The aims for the 2007 season are outlined as follows:

  1. Extension of the excavation in the northwestern part of the house in order to complete the investigation of Rooms XLV, LI, and IL and to locate the entrance of the mansion, which we believe is north or west of Room XLV. We'll also pay attention to the rooms north of the private bathing unit, both to rooms that we have already identified rooms and to still unidentified rooms located more to the west. If necessary, we will work east of Rooms XLIV and XLVI to see whether or not this part still belonged to the same complex.

  2. Completion of the excavation of various rooms and spaces, including:
    • The eastern half of Room XVI, which was partially excavated in 2000. We will complete the consolidation of the walls and vaults of the corridors on the intermediate level of the house and address the area's general safety condition.
    • Restricted test soundings at several locations in the house based on the results of the ongoing architectural and pottery analyses.
    • Beneath the Room XVII mosaic, which was removed for conservation in 2004, we will make a small test sounding to document structural features of the mosaic construction and, most of all, to provide further evidence for the mosaic's date, possibly along with previous phases of flooring.
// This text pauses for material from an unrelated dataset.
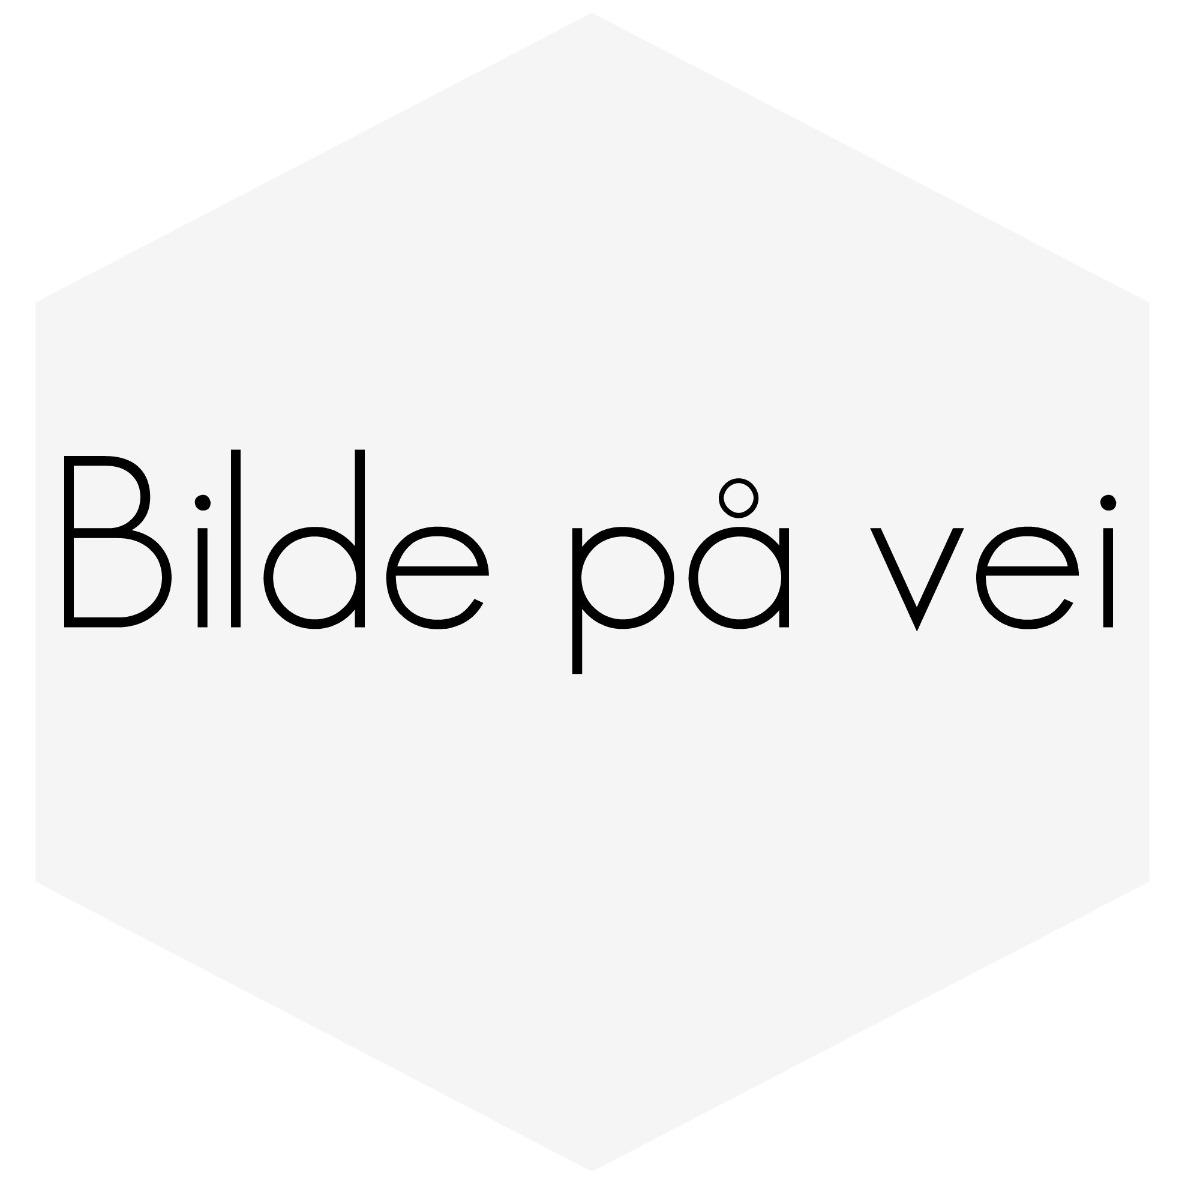 GRILLNETT SØLV-BLANK 20X125CM

  3. Extension of the excavation in the southern and lower section of the house. We identified a utilitarian area along with a substantial dining room and a second large room here. Detailed study of the stratigraphy of this area and its architectural remains should reveal the relationship of the possibly different original house units, and how they might have merged. Further excavation should reveal the nature of the floor level in the large rooms and determine how much erosion damage there is. We will do this excavation only if we are unexpectedly blocked from excavating on the northern side.

  4. Excavate a few more minor sounding trenches to document possible older building phases of the villa.

  5. Document the collapse and abandonment processes of the early Byzantine villa.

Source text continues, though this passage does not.